[WHAT YOU ARE ASKED TO DO]: Lines below starting with the line with "Alternate Image 1" and going on through the line with "SSC Tuatara Production" must be output exactly; the rest of the records must be left out.

[SOURCE DATA]:
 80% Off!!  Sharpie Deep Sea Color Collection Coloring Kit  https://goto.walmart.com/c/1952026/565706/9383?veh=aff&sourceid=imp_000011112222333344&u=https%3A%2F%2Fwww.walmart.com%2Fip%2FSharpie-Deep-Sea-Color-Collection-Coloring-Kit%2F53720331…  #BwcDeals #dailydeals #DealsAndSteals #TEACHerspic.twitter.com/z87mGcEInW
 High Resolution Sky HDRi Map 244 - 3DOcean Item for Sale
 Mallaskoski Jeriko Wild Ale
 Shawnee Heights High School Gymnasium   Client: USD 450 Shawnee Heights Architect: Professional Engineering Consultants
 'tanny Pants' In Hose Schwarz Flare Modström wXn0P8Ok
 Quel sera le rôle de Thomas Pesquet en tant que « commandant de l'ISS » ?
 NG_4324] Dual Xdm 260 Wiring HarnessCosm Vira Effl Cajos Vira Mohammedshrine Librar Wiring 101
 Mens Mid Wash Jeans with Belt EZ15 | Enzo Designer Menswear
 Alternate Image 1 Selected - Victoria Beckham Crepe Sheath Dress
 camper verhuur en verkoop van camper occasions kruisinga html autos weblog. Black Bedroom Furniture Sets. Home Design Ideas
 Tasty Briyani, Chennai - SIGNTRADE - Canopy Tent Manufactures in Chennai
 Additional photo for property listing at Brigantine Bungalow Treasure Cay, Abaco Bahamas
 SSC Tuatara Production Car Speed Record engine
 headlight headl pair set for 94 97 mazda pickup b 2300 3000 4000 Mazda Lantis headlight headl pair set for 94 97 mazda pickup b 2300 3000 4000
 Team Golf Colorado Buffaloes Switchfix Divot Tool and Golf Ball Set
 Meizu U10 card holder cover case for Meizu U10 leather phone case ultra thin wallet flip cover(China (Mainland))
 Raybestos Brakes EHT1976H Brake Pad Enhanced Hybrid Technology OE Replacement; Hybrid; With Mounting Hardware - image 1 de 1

[EXPECTED ANSWER]:
 Alternate Image 1 Selected - Victoria Beckham Crepe Sheath Dress
 camper verhuur en verkoop van camper occasions kruisinga html autos weblog. Black Bedroom Furniture Sets. Home Design Ideas
 Tasty Briyani, Chennai - SIGNTRADE - Canopy Tent Manufactures in Chennai
 Additional photo for property listing at Brigantine Bungalow Treasure Cay, Abaco Bahamas
 SSC Tuatara Production Car Speed Record engine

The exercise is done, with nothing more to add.